= Extreme Model Railroad and Contemporary Architecture Museum =

Proposed museum showcasing model railroads and contemporary architecture

The Extreme Model Railroad and Contemporary Architecture Museum was a museum proposed for North Adams, Massachusetts that plans to display model trains running through a landscape of notable modern architecture. Architect Frank Gehry has contracted to design the new museum, which will be located a few blocks away from the MASS MoCA modern art museum. Thomas Krens, former director of the Guggenheim Museum who oversaw the creation of the Gehry-designed Guggenheim Museum Bilbao and Guggenheim Abu Dhabi, and a Mass MoCA founder, is heading the creation of the new museum.

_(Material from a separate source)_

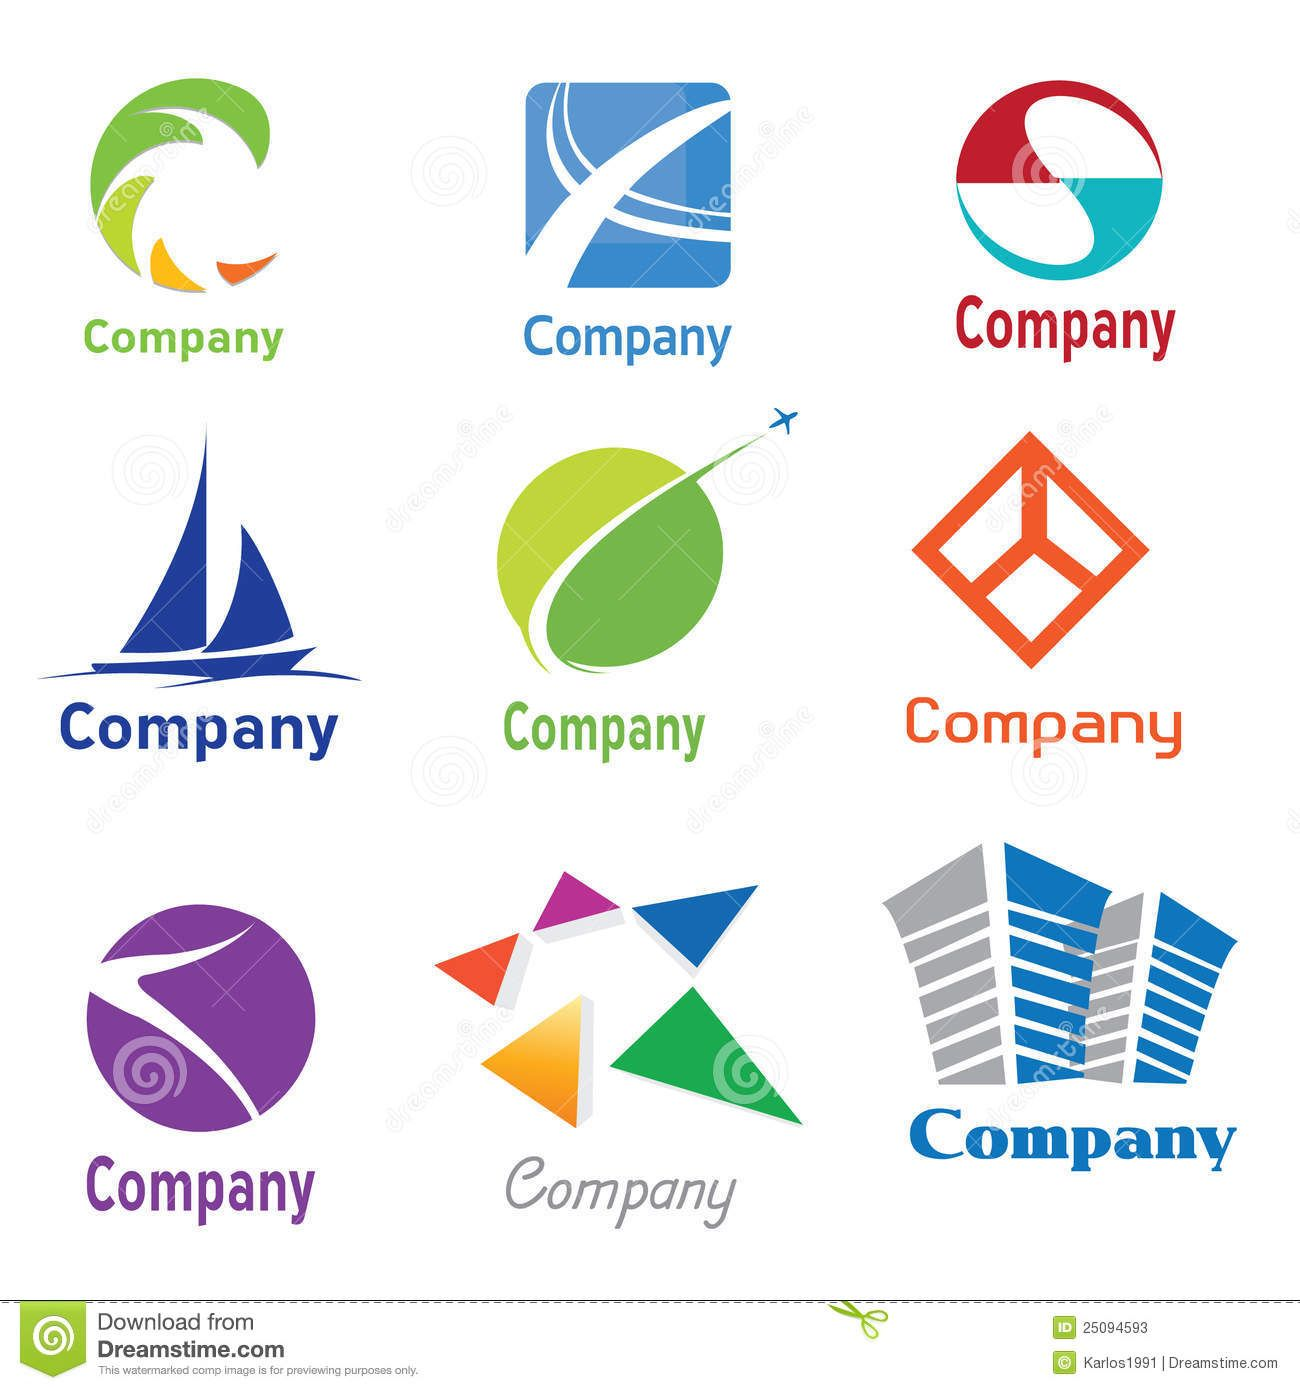 company logo samples free download juve cenitdelacabrera co

The plan calls for an 83,000-square-foot museum to be built at an estimated cost to $65 million, featuring model trains running continuously past scale-models of buildings by notable architects including Louis Sullivan, Frank Lloyd Wright, and Frank Gehry. It will be built on publicly owned land overlooking a disused rail freight yard; the proposed Museum holds an option to purchase the land. About half of the financing is projected to come from state and local government funds allocated to support the growth of tourism, and half from private donations of which $2.5 million had been raised by August 2017.

As of 2017 the projected opening date was 2020, but as of February 2022 the new projected opening date is 2025. As of January 2023 the project did not have a start date or funding finalized.